That internet thing? It's just a fad
History is littered with errant predictions.
History is littered with errant predictions.
I had to wipe my eyes earlier this week when I discovered a 1995 article from Newsweek magazine headlined "The Internet? Bah!", subtitled: Hype alert: Why cyberspace isn't, and never will be, nirvana.
As we gathered from Gareth "Whiskas" Morgan's moggygate comments this week, people with opinions make the media world go 'round.
Without people spouting strident views our websites and newspapers would be frightfully dull.
But such people, especially those dealing in absolutes, should be aware their views are searchable and might come back to haunt them.
So it is with Clifford Stoll's incredibly short-sighted piece in Newsweek.
'Lacking common sense'
Mr Stoll accuses computer pundits of lacking common sense with their predictions of interactive libraries, multimedia classrooms and commerce and business shifting from offices and malls.
"The truth is no online database will replace your daily newspaper, no CD-ROM can take the place of a competent teacher and no computer network will change the way the government works."
If we work backwards, Novopay has certainly changed the way the government pays teachers, there has been a proliferation of online-only courses and you only have to check the share price of media companies APN and Fairfax to realise what the digital age is doing to their newspapers.
In a literal sense, however, Mr Stoll is right: newspapers are still around, as are competent teachers, and governments are still a great source of bureaucratic nonsense and a hole for taxpayer millions.
He digs his hole deeper, however.
His Newsweek article informs us why computers aren't needed in classrooms and why cyberbusiness will never work, because his local mall does more business in an afternoon than the entire internet handles in a month.
He flays another forward thinker, one Nicholas Negroponte of MIT, for suggesting consumers will soon be buying books and newspapers straight over the internet.
"Uh, sure," he grumbles.
A poor substitute
By the end, we discover Mr Stoll's underlying theme and his philosophical objection to the internet – why his sentimentality blinded him to the internet's incredible potential.
He writes: "While the internet beckons brightly, seductively flashing an icon of knowledge-as-power, this non-place lures us to surrender our time on earth.
"A poor substitute it is, this virtual reality where frustration is legion and where – in the holy names of Education and Progress – important aspects of human interactions are relentlessly devalued."
A non-place? Name me a half-decent business without a website.
Devalued? Tell that to my parents, who can now video chat with their grandchildren in Florida.
You could argue Mr Stoll is right about the internet complementing, rather than replacing, real-world education and business but it's hard to defend such self-assured, snobbish pontification.
His one-man hit-squad against the Net continued in 1995 with a radio interview, in which he says: "I think it's [the internet] grossly oversold and within two or three years people will shrug and say, 'Uh yep, it was a fad of the early 90s and now, oh yeah, it still exists but hey, I've got a life to lead and work to do. I don't have time to waste online'."

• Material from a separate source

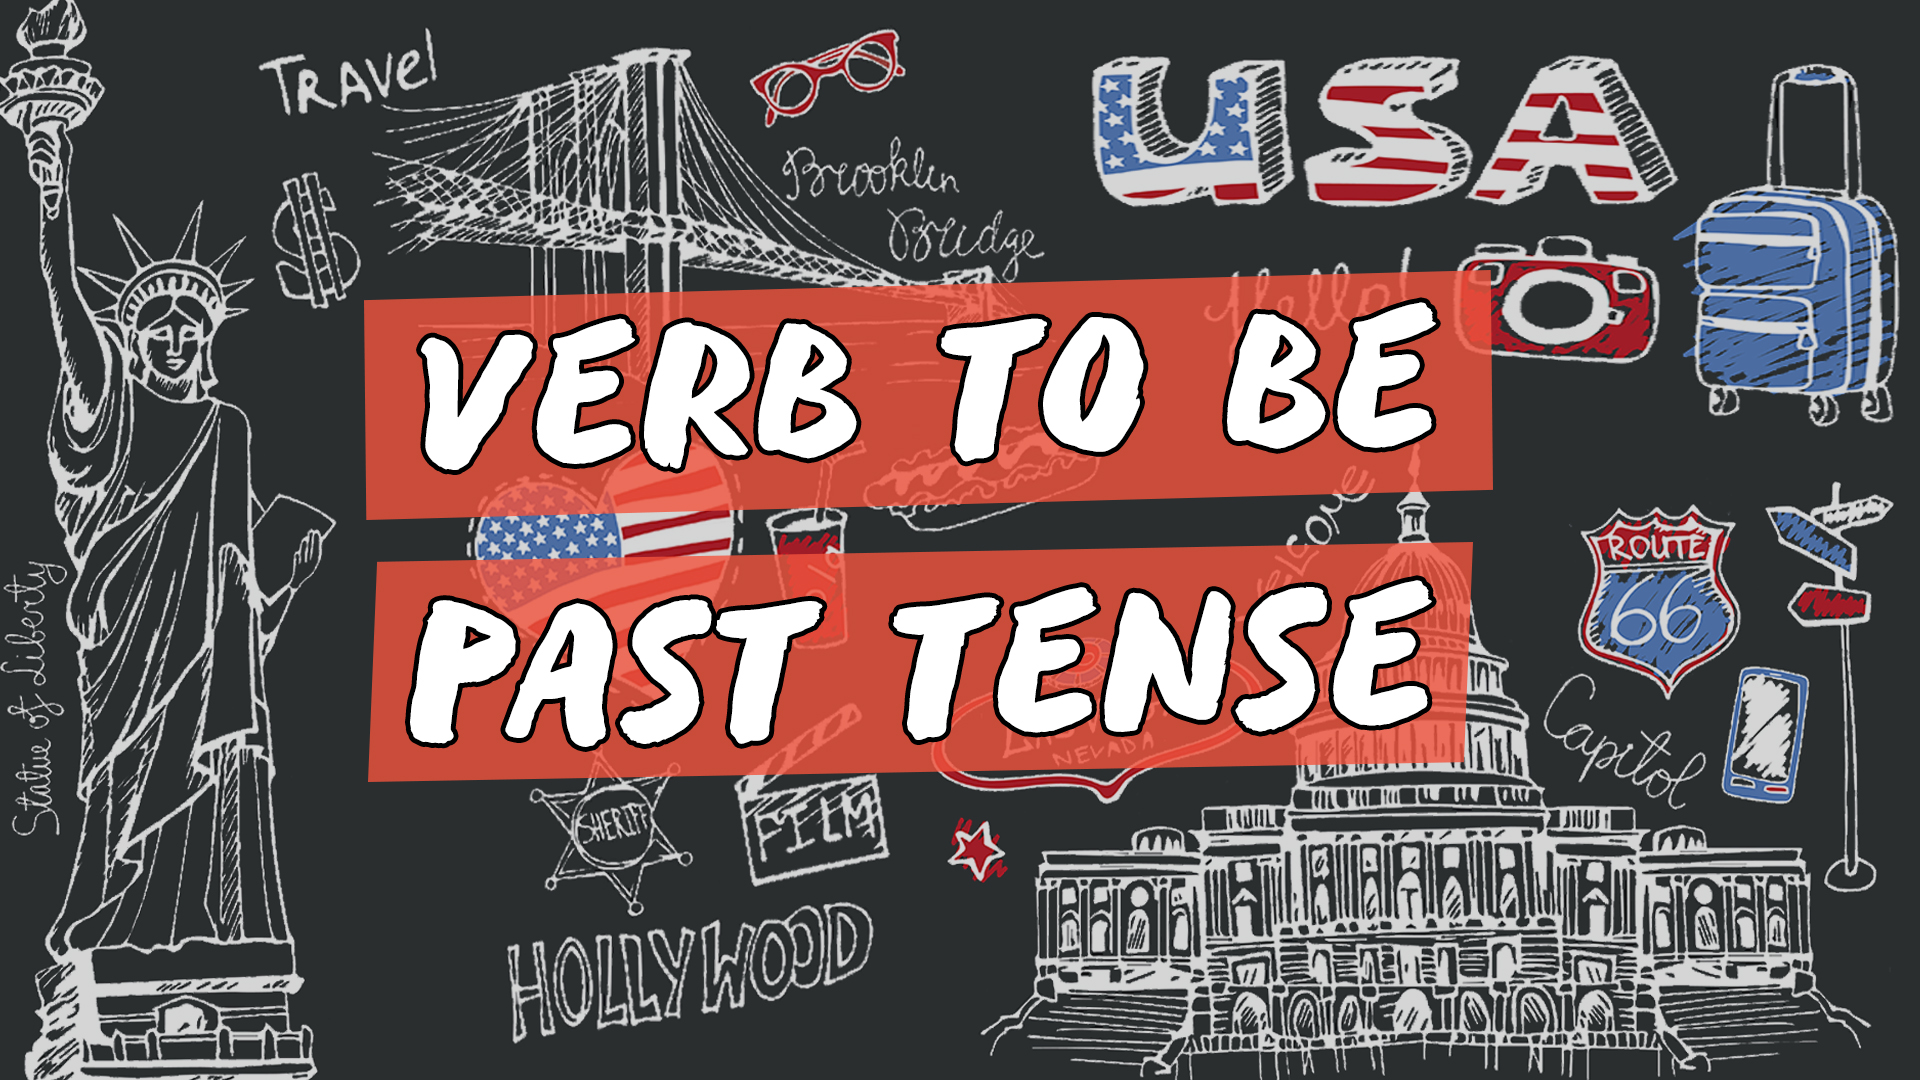 "Verb To Be: Past Tense" escrito sobre ilustração de diversos ícones estadunidenses

Ironically, this non-believer owes the digital world.
Mr Stoll rose to prominence by writing a book about his successful pursuit of a computer hacker, Markus Hess, while he was working as a systems administrator at a government laboratory.
Tech predictions gone wrong
A quick trawl of the internet – for this is how one researches these days – reveals a rich tapestry of errant technology predictions.
Well-circulated gaffes include:
"This 'telephone' has too many shortcomings to be seriously considered as a means of communication."
Western Union internal memo, 1876
"I think there is a world market for maybe five computers."
IBM chairman Thomas Watson, 1943
"I predict the internet will soon go spectacularly supernova and in 1996 catastrophically collapse."
3Com founder and Ethernet inventor Robert Metcalfe, 1995
"Two years from now spam will be solved."
Microsoft co-founder Bill Gates, 2004
"I'm dubious that Amazon and many other internet retailers will ever generate the huge profits that their stock prices suggest."
New York Times columnist Thomas Friedman, 1999
"There's no chance that the iPhone is going to get any significant market share."
Microsoft ceo Steve Ballmer, 2007
"ABBA won't last a week."
Radio Avon (Christchurch) boss, Noel Wesney.
The lesson here is probably to identify the vested interests and check the credentials of the commentator.
But back to Mr Stoll.
When his 1995 Newsweek story resurfaced in 2010, a contrite Mr Stoll left a comment explaining he was trying to speak against the tide of futuristic commentary on how the internet will solve all our problems.
"Of my many mistakes, flubs, and howlers, few have been as public as my 1995 howler.
"Now, whenever I think I know what's happening, I temper my thoughts: Might be wrong, Cliff..."
Good advice to us all.
In the final virtual slap across Mr Stoll's face, Newsweek announced late last year it will go completely online after almost 80 years in print.